Software

Software available here are for educational or academic use only. All rights of reproduction or
distribution in any form are reserved.

PolyDyna
PolyDyna is an extended version of PolyTop that solves topology optimization problems for structures subjected to dynamics loads.
PolyStress
PolyStress is an extended version of PolyTop that solves stress constrained mass minimization considering linear and material nonlinear problems. It uses an augmented Lagrangian approach to handle local stress constraints.
PolyTop3D
PolyTop3D is an extended version of PolyTop that uses a virtual element method (VEM)-based topology optimization framework using polyhedral elements, which can handle any non-Cartesian design domain, to solve three dimensional topology optimization problems.
PolyMat
PolyMat is an extended version of PolyTop that can accommodate and arbitrary number of candidate materials and an arbitrary number of volume constraints. The volume constraints can be specified to control any subset of the candidate materials and any subregion of the domain.
MERLIN 2
MERLIN2 is an extended version of the MERLIN software with significant improvement.
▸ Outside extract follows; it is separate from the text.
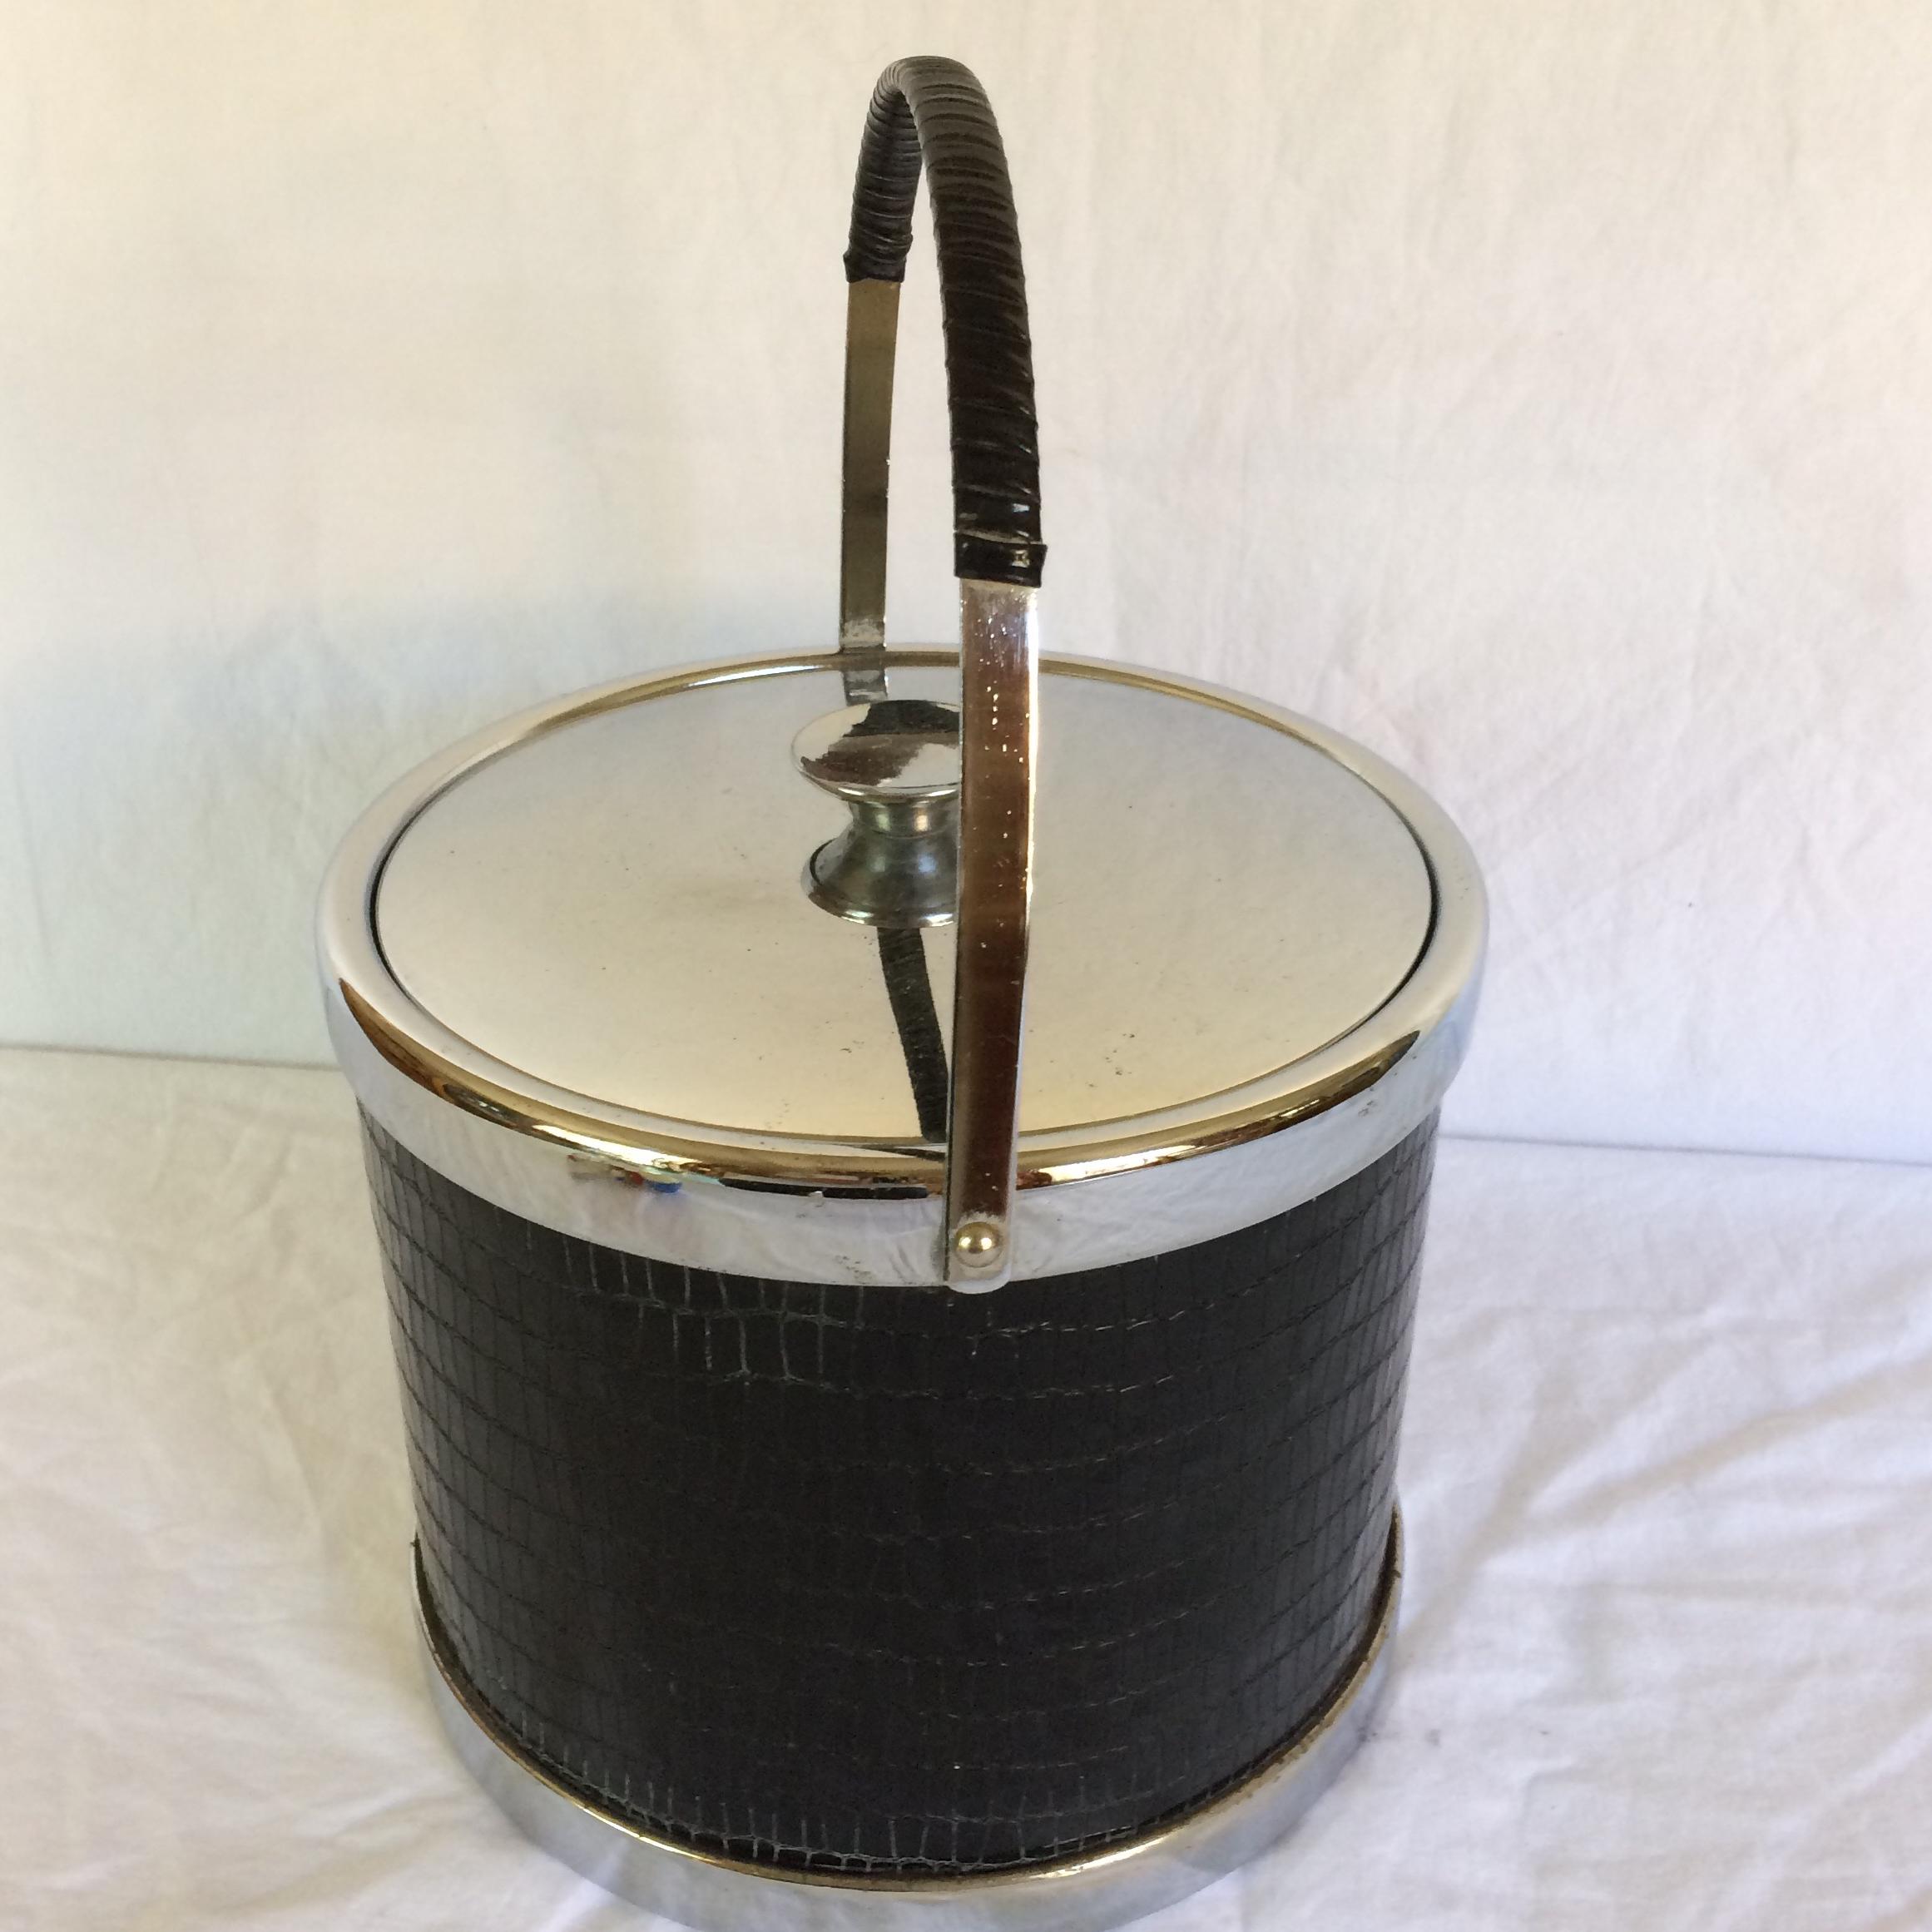 Amazing Mid Century Modern Black Leather U0026 Chrome Ice Bucket With Tongs   Image 3 Of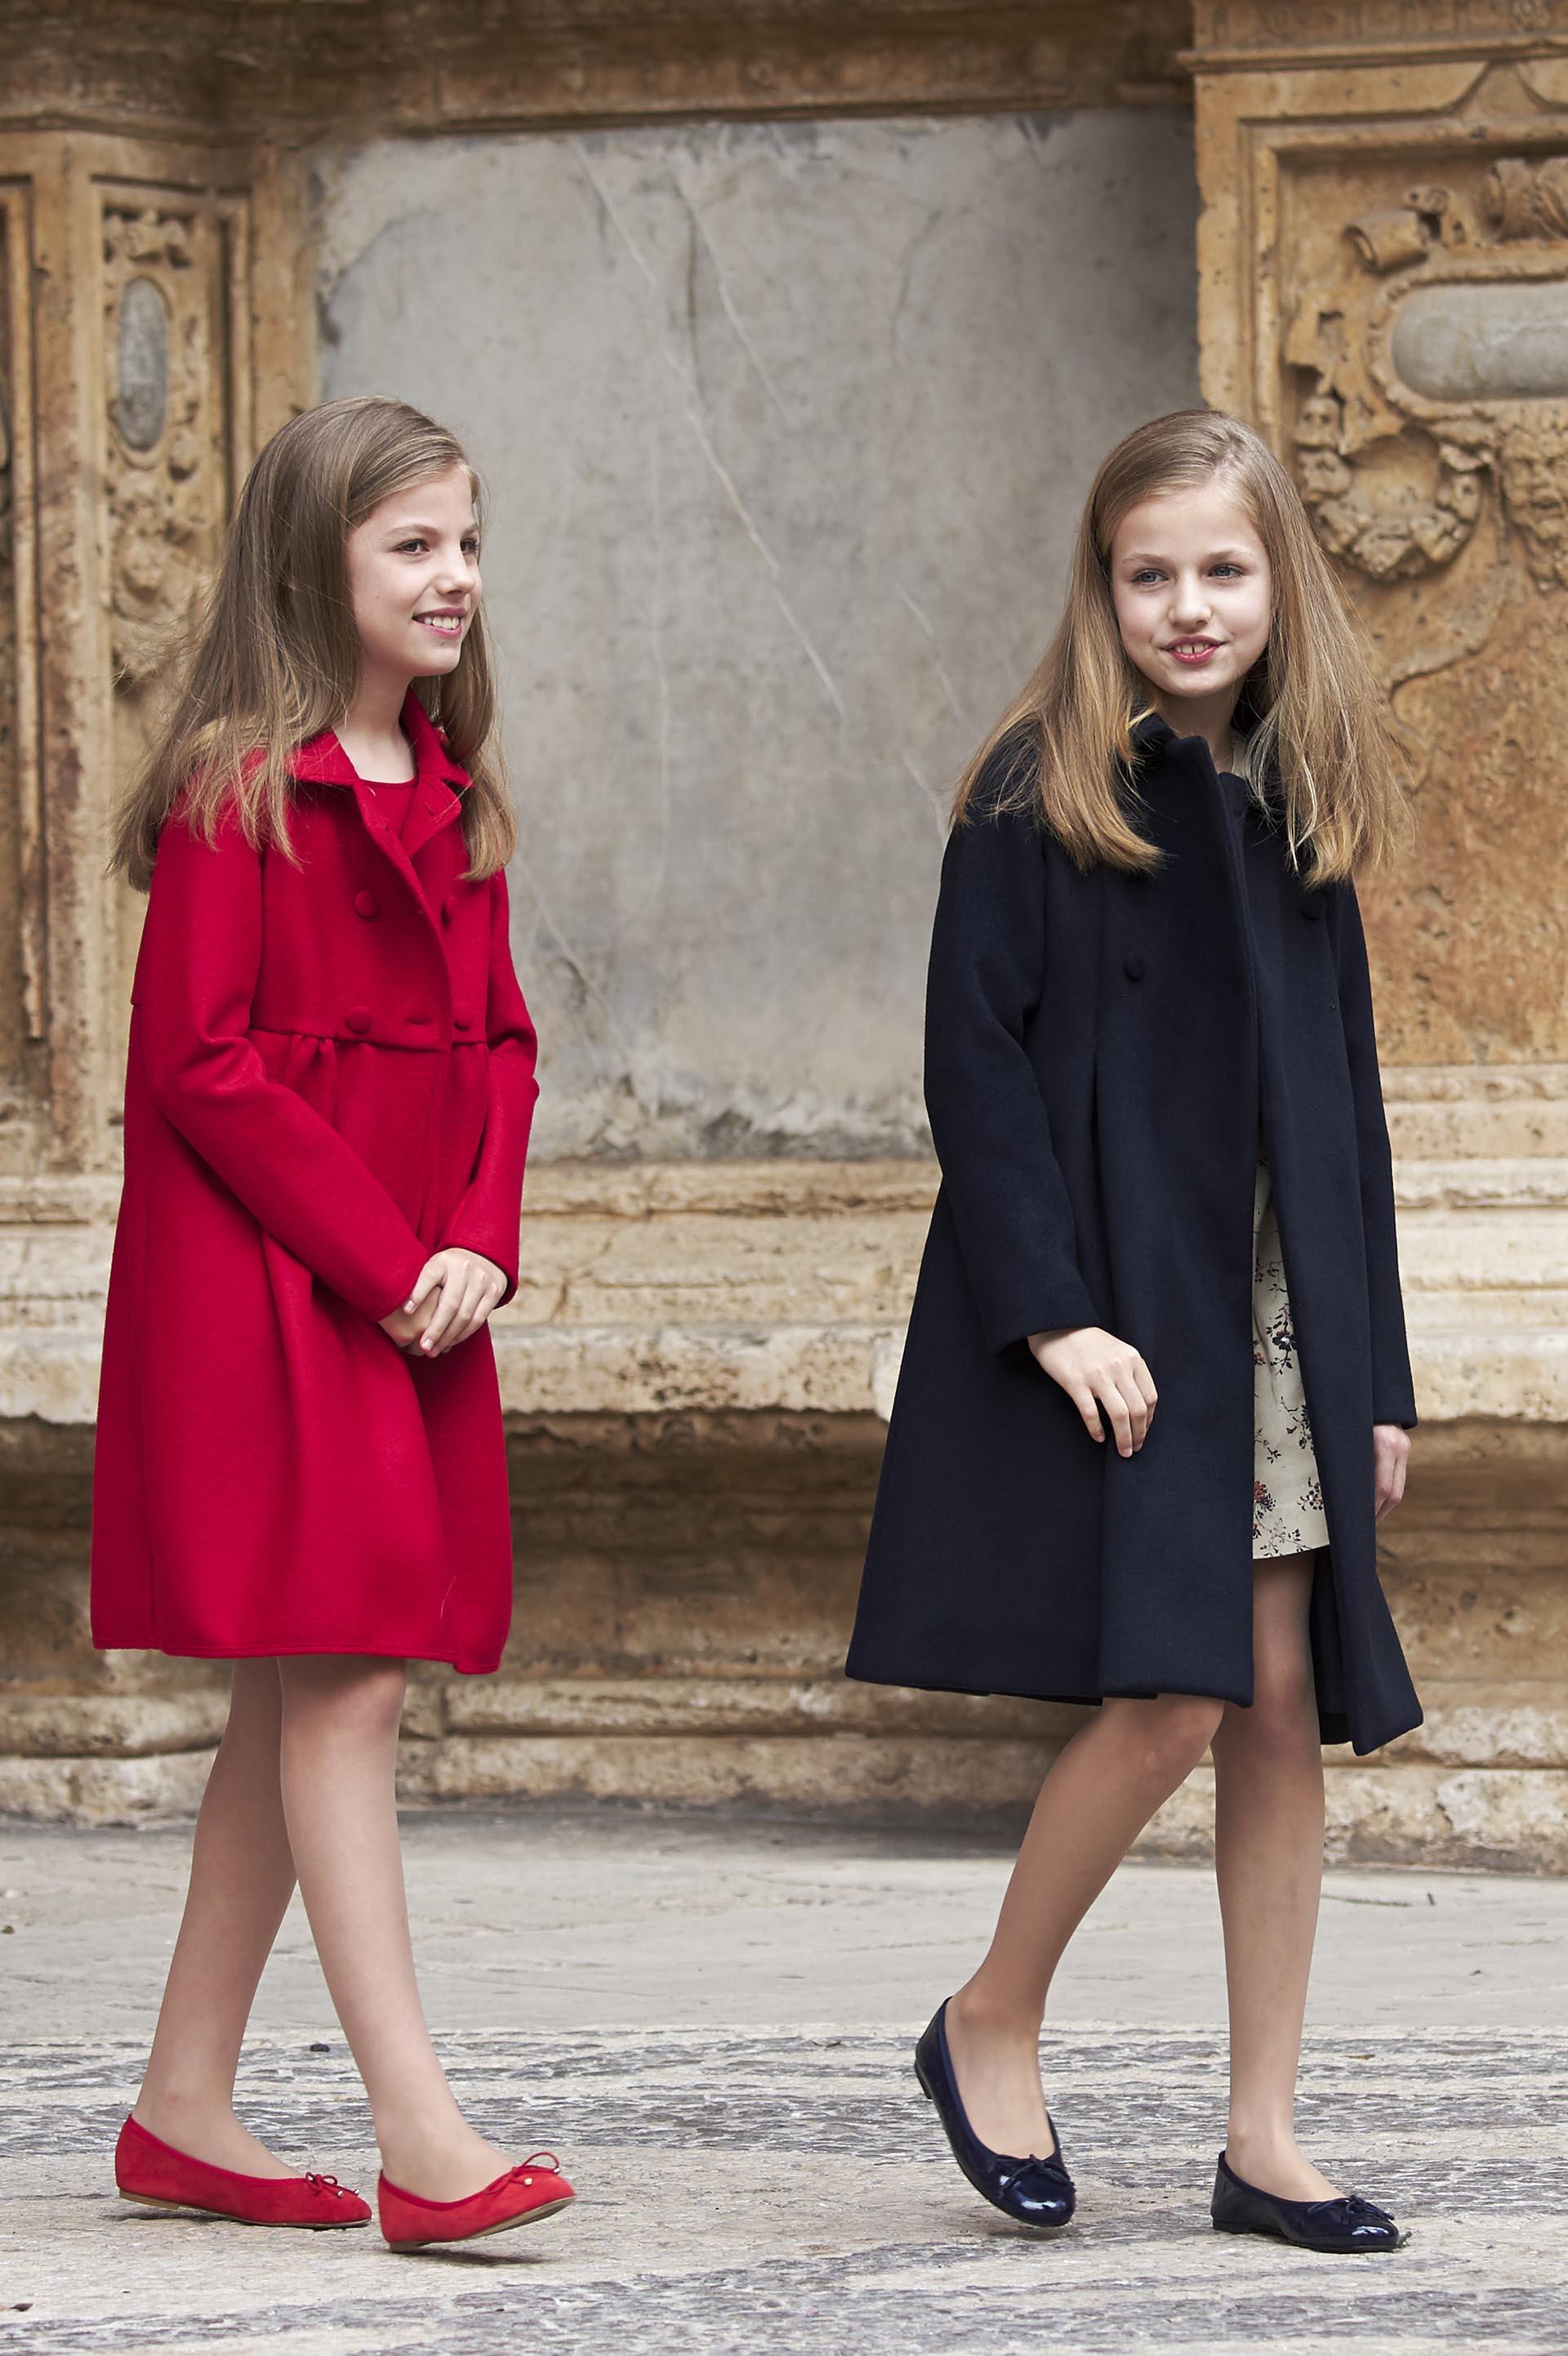 Las hijas de los reyes eligieron un estilo muy similar pero en distintos colores: tapado de verano, vestido y balerinas

The MERLIN2 software offers implementation of the N5B8 model, new triangulation schemes for polygonal panels, convenient import/export capabilities, displacement loading, and improved visualization.
MERLIN
Merlin uses nonlinear mechanics to model large global displacements of non-rigid origami using a reduced representation of the origami.
Fluid Flow Topology Optimization: PolyTopFluid
PolyTopFluid is an efficient Matlab code for topology optimization of fluid flow problems.
Topology Optimization for Additive Manufacturing: TOPSlicer
TOPslicer is a simple graphical tool to slice three–dimensional density–based topology optimization data. In addition, the user can change the isosurface cutoff value and evaluate the change on the fly. For problems where symmetry was exploited, TOPslicer can mirror the results in one or more coordinate axis to recover the complete model. Finally, once the cutoff and symmetry conditions have been applied, and the solution is deemed acceptable from inspection, the isosurface can be exported to X3D and/or STL.
GRAND3
GRAND3 — GRound structure Analysis and Design in 3D is an extension of the previous 2D educational MATLAB code for structural topology optimization with discrete elements using the ground structure approach. Domains can be concave and with the possibility of holes. Concavities and holes are handled by defining collision zones (or hitboxes). Both, the domain and the collision zones are procedurally generated, thus allowing for simplicity and flexibility in the analysis.
GRAND

GRAND — GRound structure Analysis and Design is an educational MATLAB code for structural topology optimization with discrete elements using the ground structure approach. Domains can be concave and with the possibility of holes. Concavities and holes are handled by defining collision zones (or hitboxes). Both, the domain and the collision zones are procedurally generated, thus allowing for simplicity and flexibility in the analysis.
PolyMesher
In topology optimization, polygonal discretizations have been shown not to be susceptible to numerical instabilities such as checkerboard patterns. We have developed a simple and robust Matlab code for polygonal mesh generation, called PolyMesher.
PolyTop
PolyTop is an efficient Matlab code for structural topology optimization that includes a general finite element routine based on isoparametric polygonal elements.
2D ABAQUS UEL for the PPR potential-based cohesive model

The PPR potential-based cohesive zone model is implemented in a commercial software, i.e. ABAQUS, as a user-defined element (UEL) subroutine. The source code of the UEL subroutine is provided for a two-dimensional linear cohesive element for educational purposes.
3D ABAQUS UELs for the PPR potential-based cohesive model


The PPR potential-based cohesive zone model is implemented in a commercial software, i.e. ABAQUS, as a user-defined element (UEL) subroutine. The source code of the UEL subroutine is provided for a small library of three-dimensional cohesive elements, i.e. linear brick elements, linear tetrahedral elements, and quadratic tetrahedral elements, for educational purposes.
NLS++: A unified library of nonlinear solution schemes
Nonlinear problems are prevalent in structural and continuum mechanics, and there is high demand for computation tools to solve these problems. The governing finite element equations and constraint equation for various solution schemes are combined into a single matrix equation. This theoretical model leads naturally to an effective object-oriented implementation.
BEAN: Boundary Element ANalysis
Symmetric Galerkin Boundary Element Method presents an introduction as well as recent developments of this accurate, powerful, and versatile method. The formulation possesses the attractive feature of producing a symmetric coefficient matrix. In addition, the Galerkin approximation allows standard continuous elements to be used for evaluation of hypersingular integrals.
Development of user subroutines in commercial software (UMAT and UEL in ABAQUS)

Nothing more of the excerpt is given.